## Brief
Set down the data below without change, skipping the pictures it holds.

+++ The data

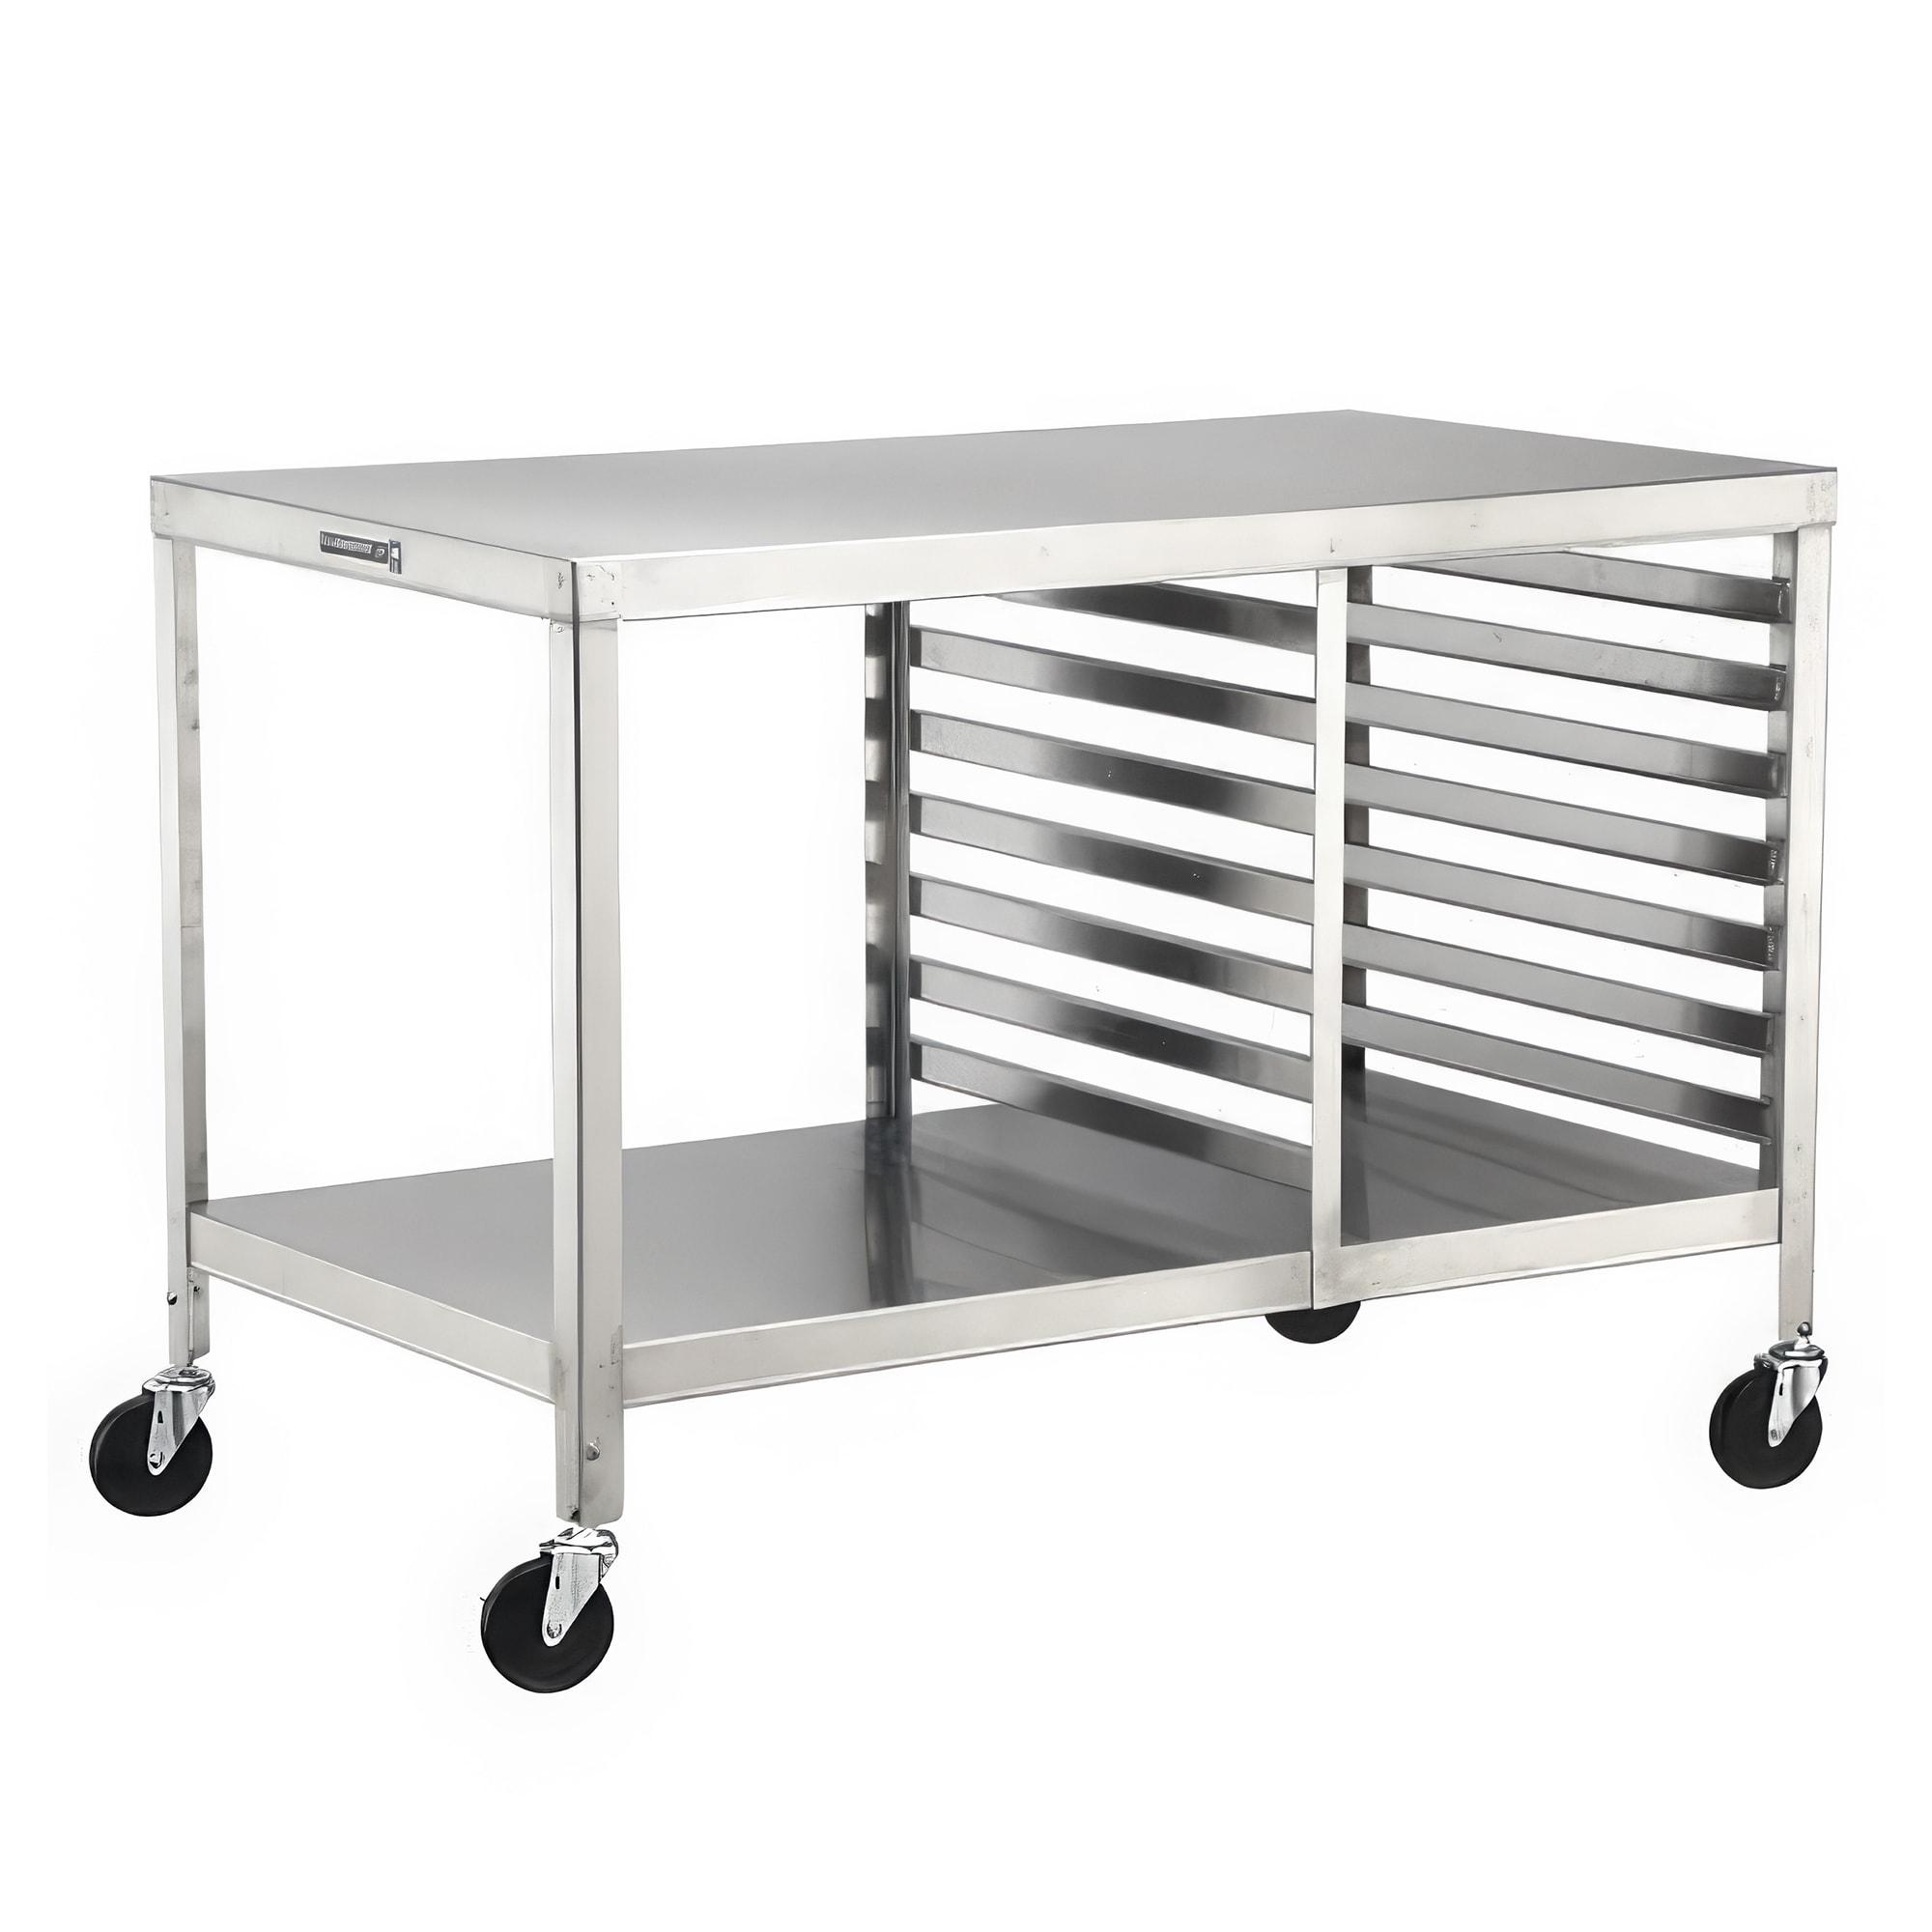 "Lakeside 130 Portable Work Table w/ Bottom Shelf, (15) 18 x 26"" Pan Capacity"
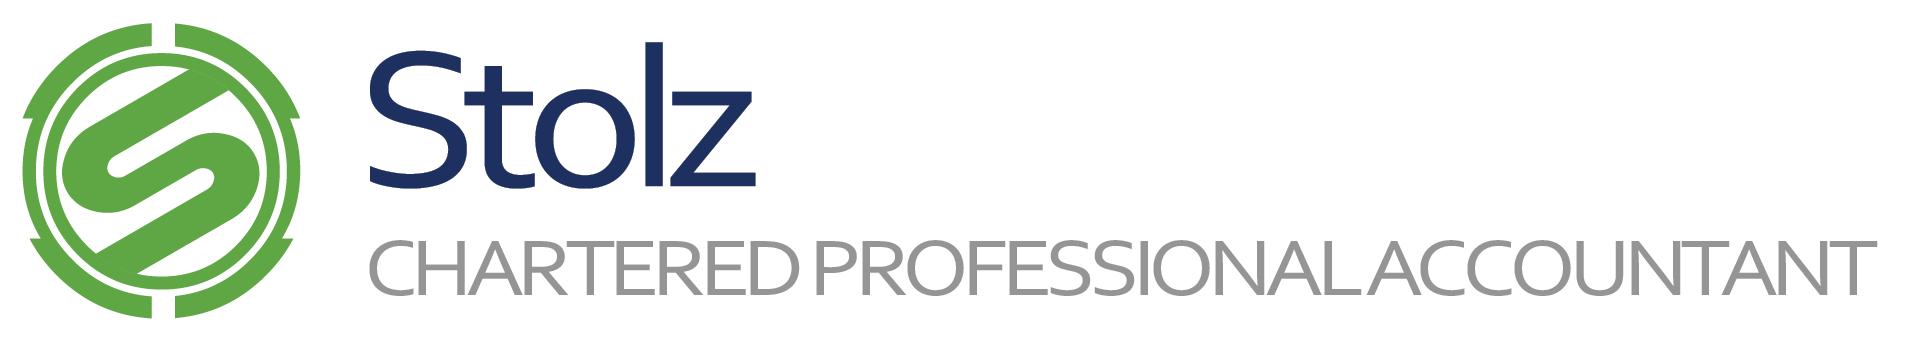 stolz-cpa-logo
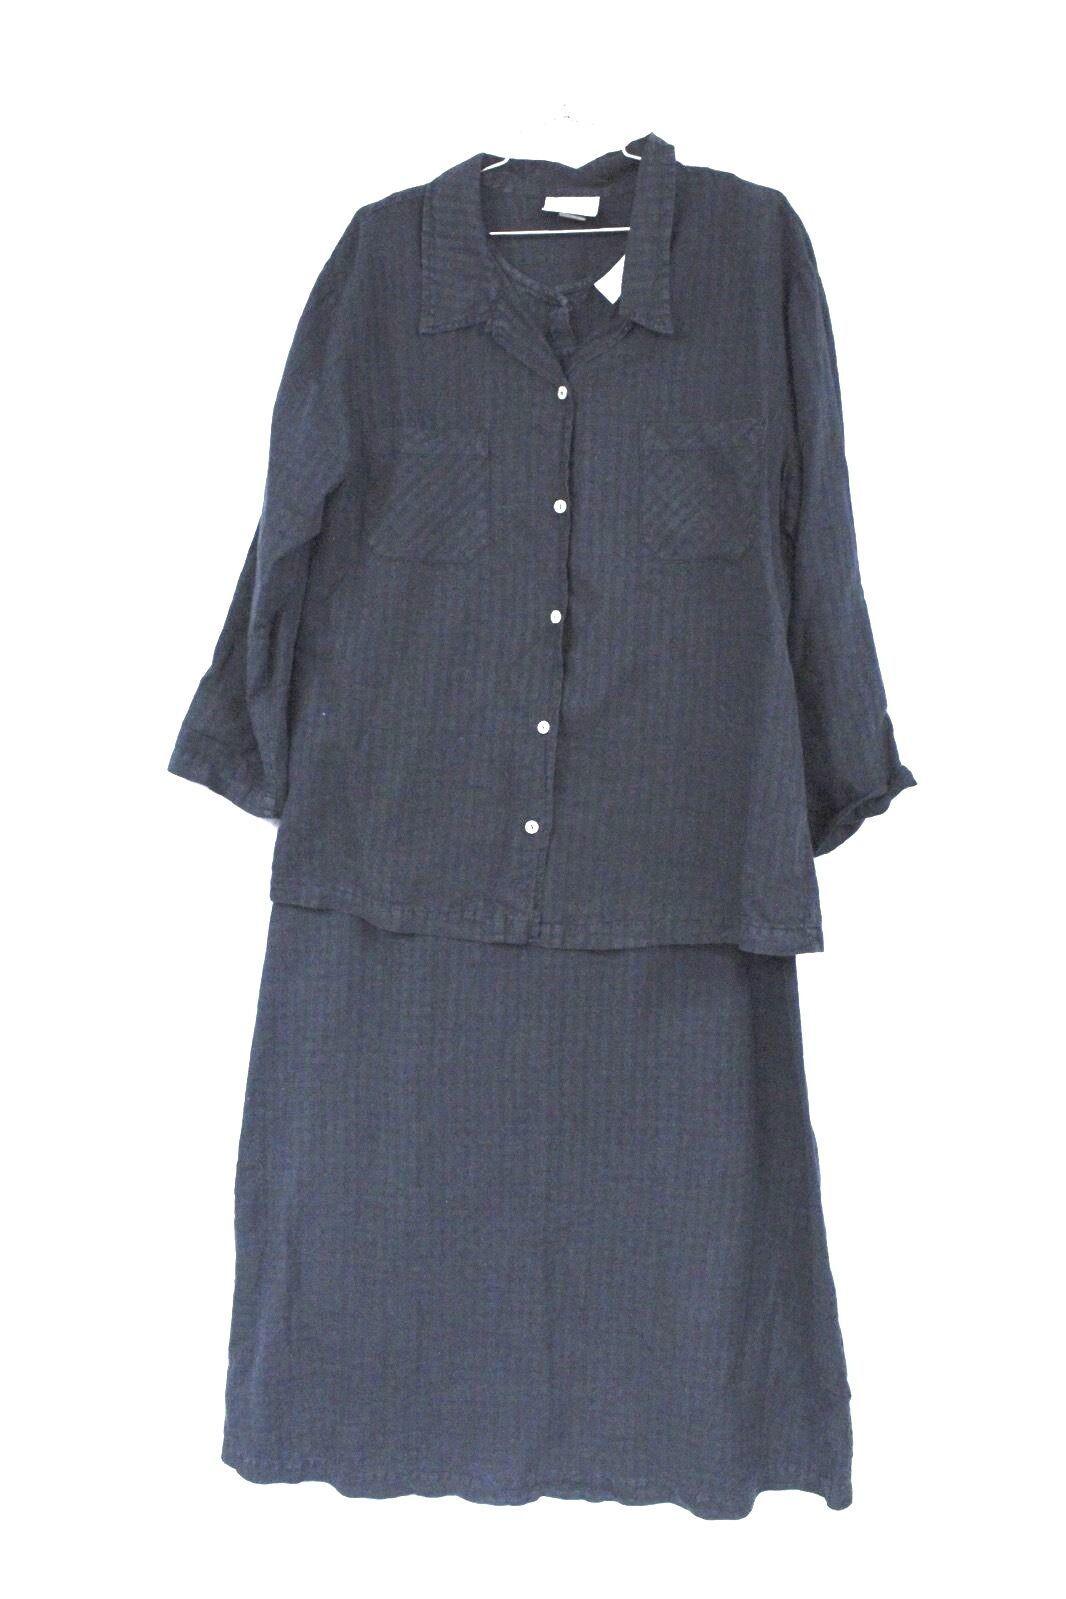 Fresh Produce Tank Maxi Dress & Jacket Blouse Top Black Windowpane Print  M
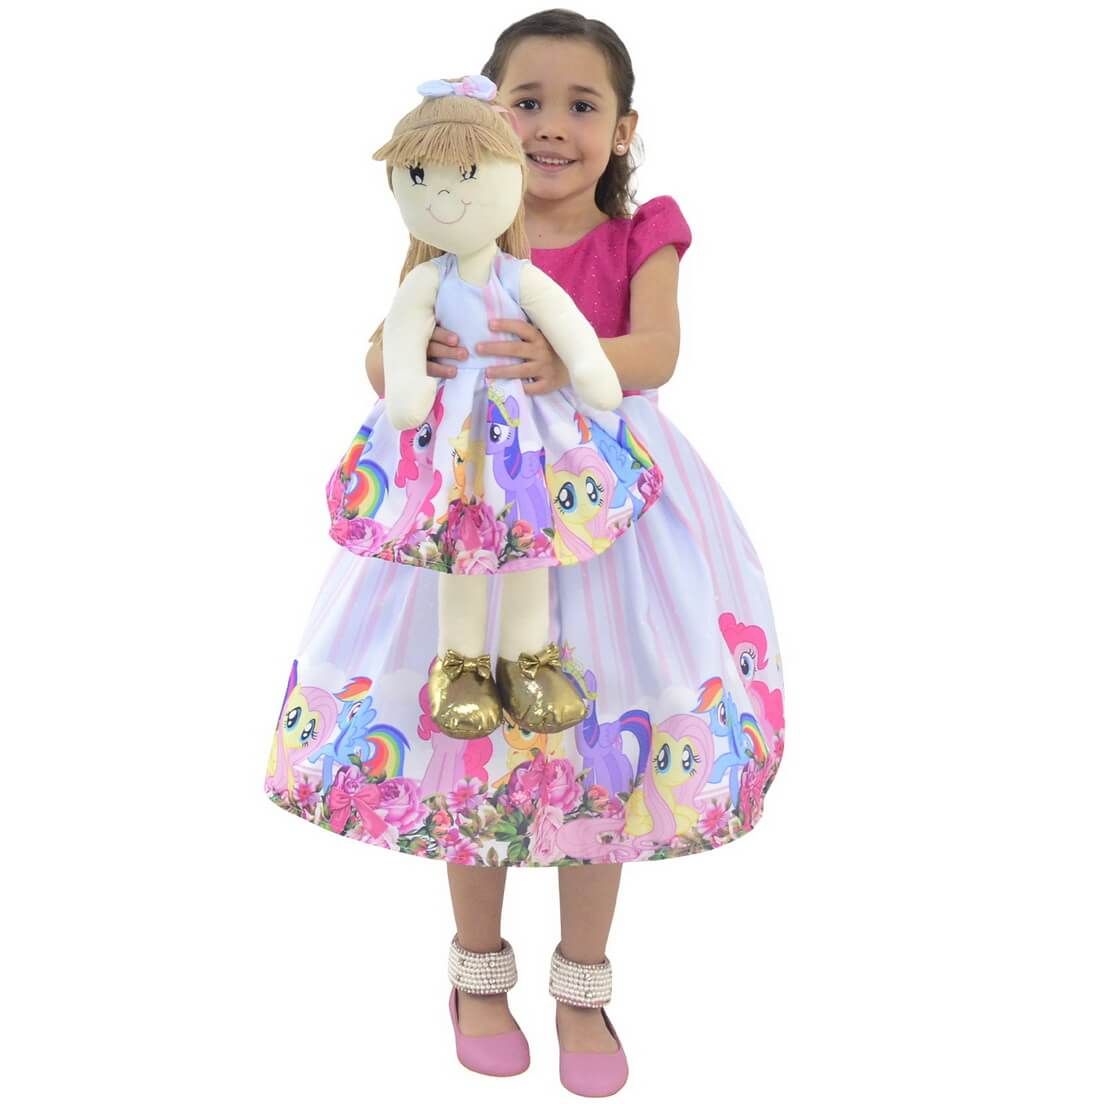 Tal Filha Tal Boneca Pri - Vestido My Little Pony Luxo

++++++

## Task output
 "Lakeside 130 Portable Work Table w/ Bottom Shelf, (15) 18 x 26"" Pan Capacity"
 stolz-cpa-logo
 Fresh Produce Tank Maxi Dress & Jacket Blouse Top Black Windowpane Print  M
 Tal Filha Tal Boneca Pri - Vestido My Little Pony Luxo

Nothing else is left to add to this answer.